Nepal blocks 5,000 Tibetan exit permits
Under pressure from China, Nepal's Girija Prasad Koirala stops Tibetan refugees from taking asylum in the US.world Updated: Nov 01, 2007 10:22 IST
Under pressure from China, Nepal's Girija Prasad Koirala government, which came to power last year pledging to protect democracy and human rights, has stopped 5,000 Tibetan refugees from getting asylum in the US.
This was revealed by US Assistant Secretary of State for Population, Refugees and Migration Ellen Sauerbrey, who arrived in Kathmandu this week on a visit to facilitate the resettlement in the US of Bhutanese refugees now living in Nepal.
Currently, there are about 14,000 Tibetans living in Nepal who have been registered with the government as refugees.
However, they are not allowed to publicly celebrate any occasions related to their exiled leader, the Dalai Lama, whom China has been trying to erase from the memory of Tibet since it occupied the Buddhist kingdom more than five decades ago.
They are also not allowed to register associations for fear of ruffling the feathers of China, which says there are no Tibetan refugees but only illegal immigrants.
The US official told Nepal's biggest private TV channel on Wednesday that as part of its refugee resettlement programme, Washington had last year arranged to offer a home in the US to 5,000 Tibetan refugees.
However, the offer did not materialise because the Nepalese government did not respond. Tibetan refugees living in Nepal need an exit permit from the government to travel outside Nepal.
In the past, China supported Nepal's King Gyanendra who tried to marginalize political parties. China sold arms to the royal regime to hunt down Maoist guerrillas. But after the fall of the royal government it began wooing the new government of opposition parties and the Maoists.
Tibet is one of the key issues in China's relationship with Nepal. Every year, 2,500 to 3,500 Tibetans -- mostly children, monks and nuns -- flee to India from Tibet.
Placing their lives in peril, they travel through high mountain passes stealthily to cross into Nepal, from where they head for Dharamsala in India, the seat of the Dalai Lama.

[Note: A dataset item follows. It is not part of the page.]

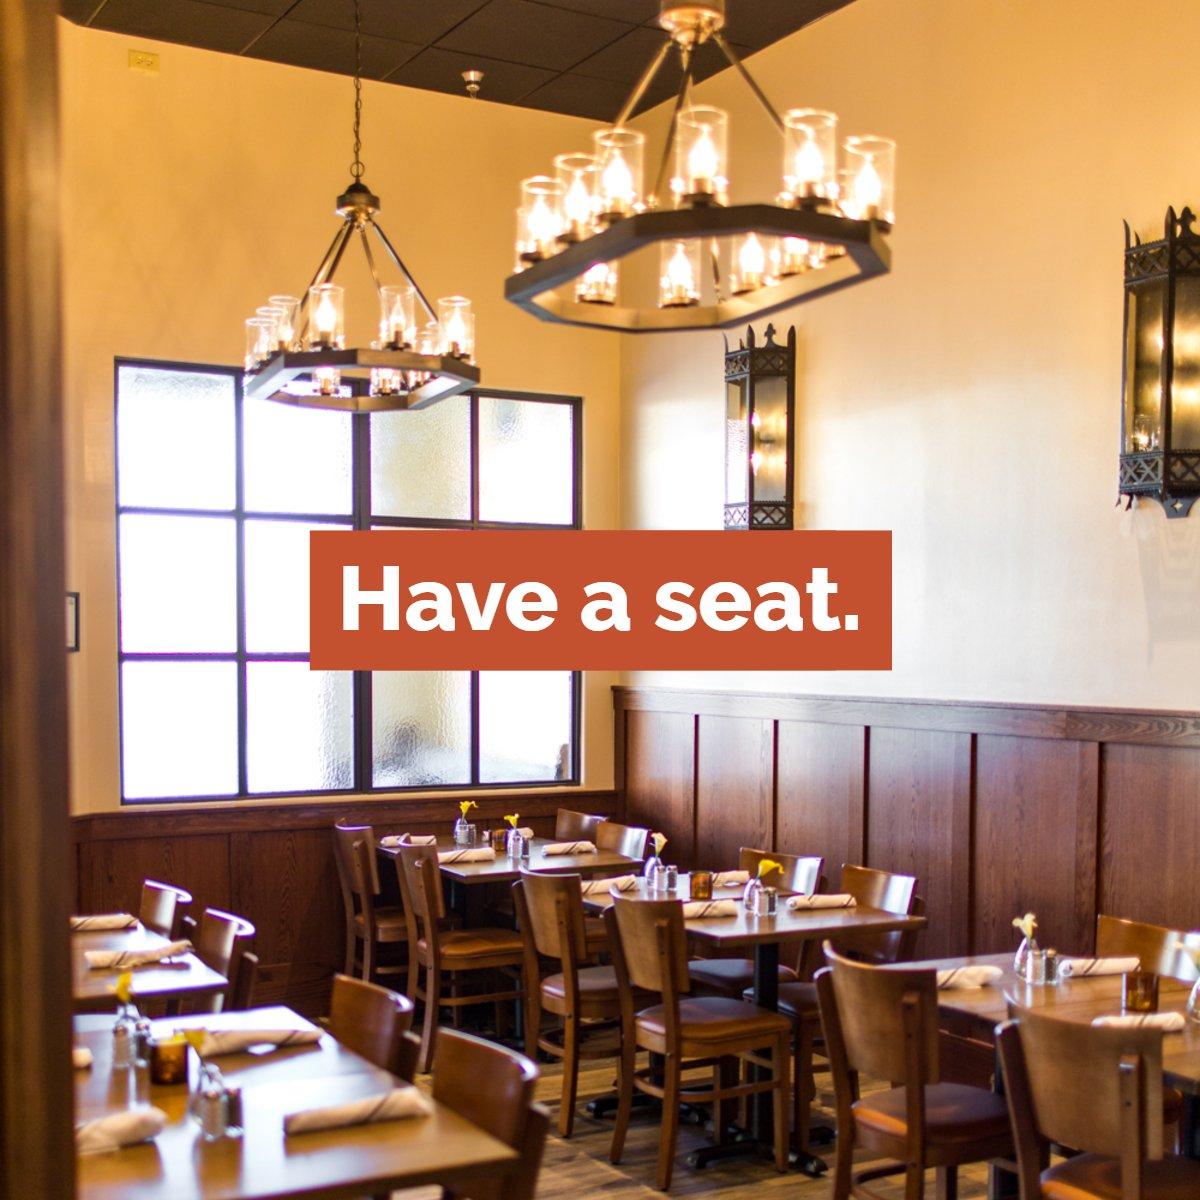 Los Arroyos Restaurant & Baropened December 2016 - Carmel, Indiana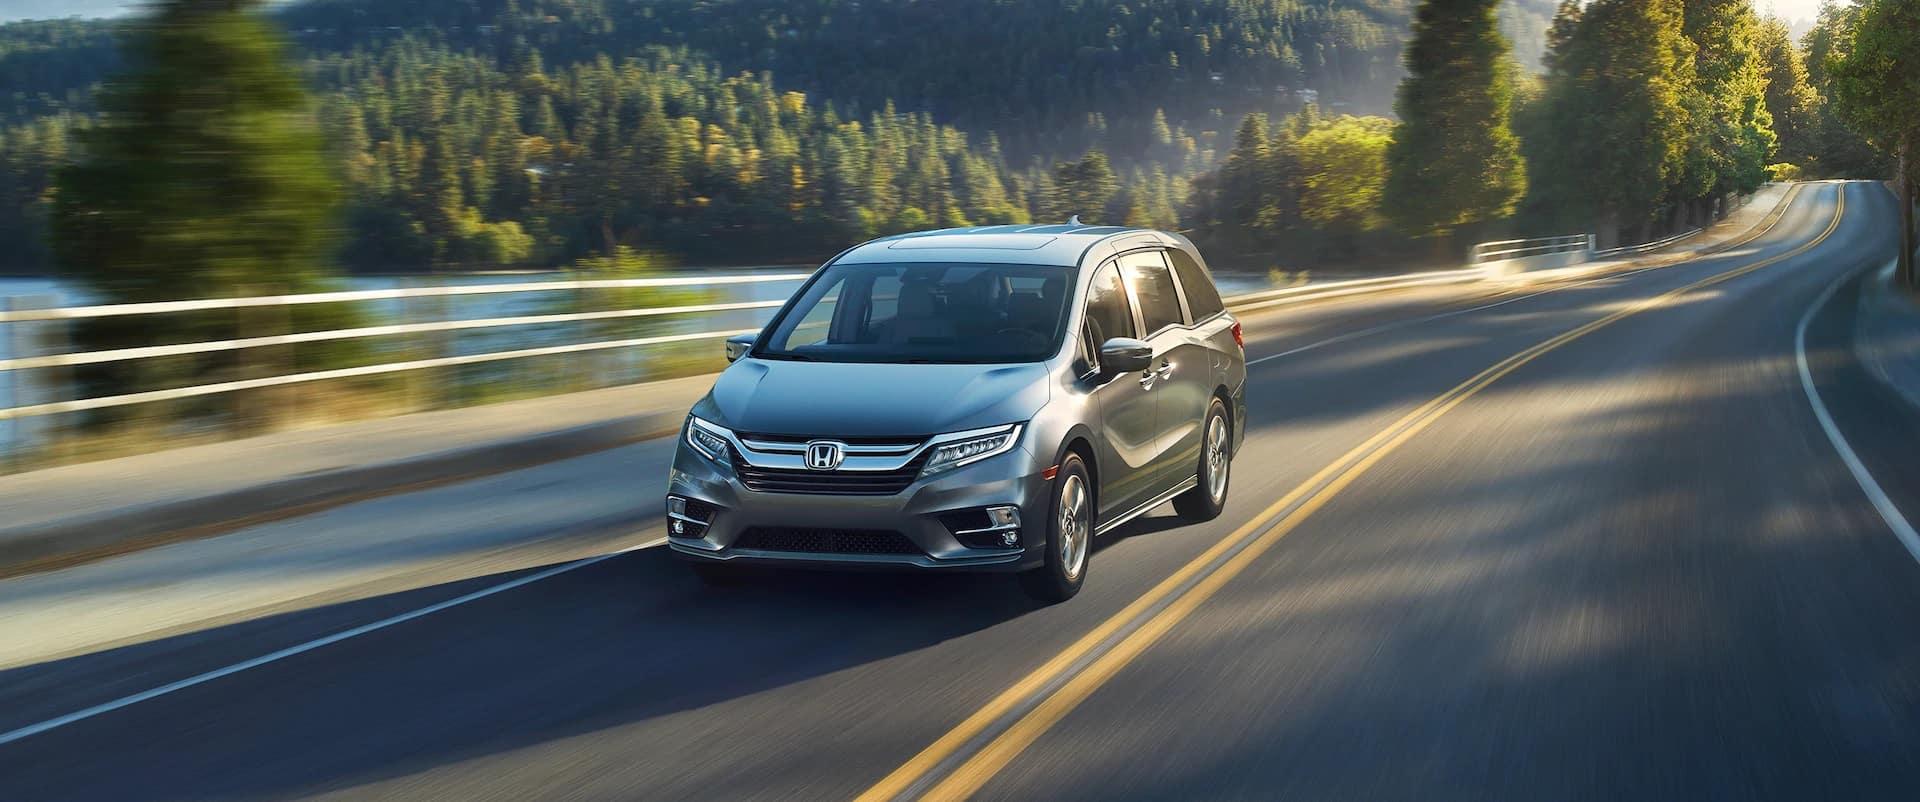 Honda_Odyssey_Driving_Next_To_Lake

However, in its bid to prove to the world that Tibetans are happy under its rule, the Chinese government has been trying its best to stop the fugitives, even authorising its border patrols to fire on unarmed groups.
Under China's growing influence, Nepal has in the past handed over refugees to the Chinese authorities, triggering worldwide condemnation.
Concerned that if the refugees are allowed to make a new life in the US, it will encourage more fugitives as well as draw wider attention to the plight of Tibetans, Beijing has been pressurising Koirala's government not to allow the Tibetans to leave.
Sauerbrey told Kantipur Television that her government would continue its efforts.
Although Koirala, like a succession of Nepalese governments, has been pliable to US demands, the Tibet issue continues to be an exception.
Days before he seized power with the help of the army, King Gyanendra caused the closure of the office of the Dalai Lama's representative in Kathmandu.
Though the office was allowed to open as an NGO after the fall of the royal regime, the Koirala government withdrew its permission and forced it to shut down again under pressure from Beijing.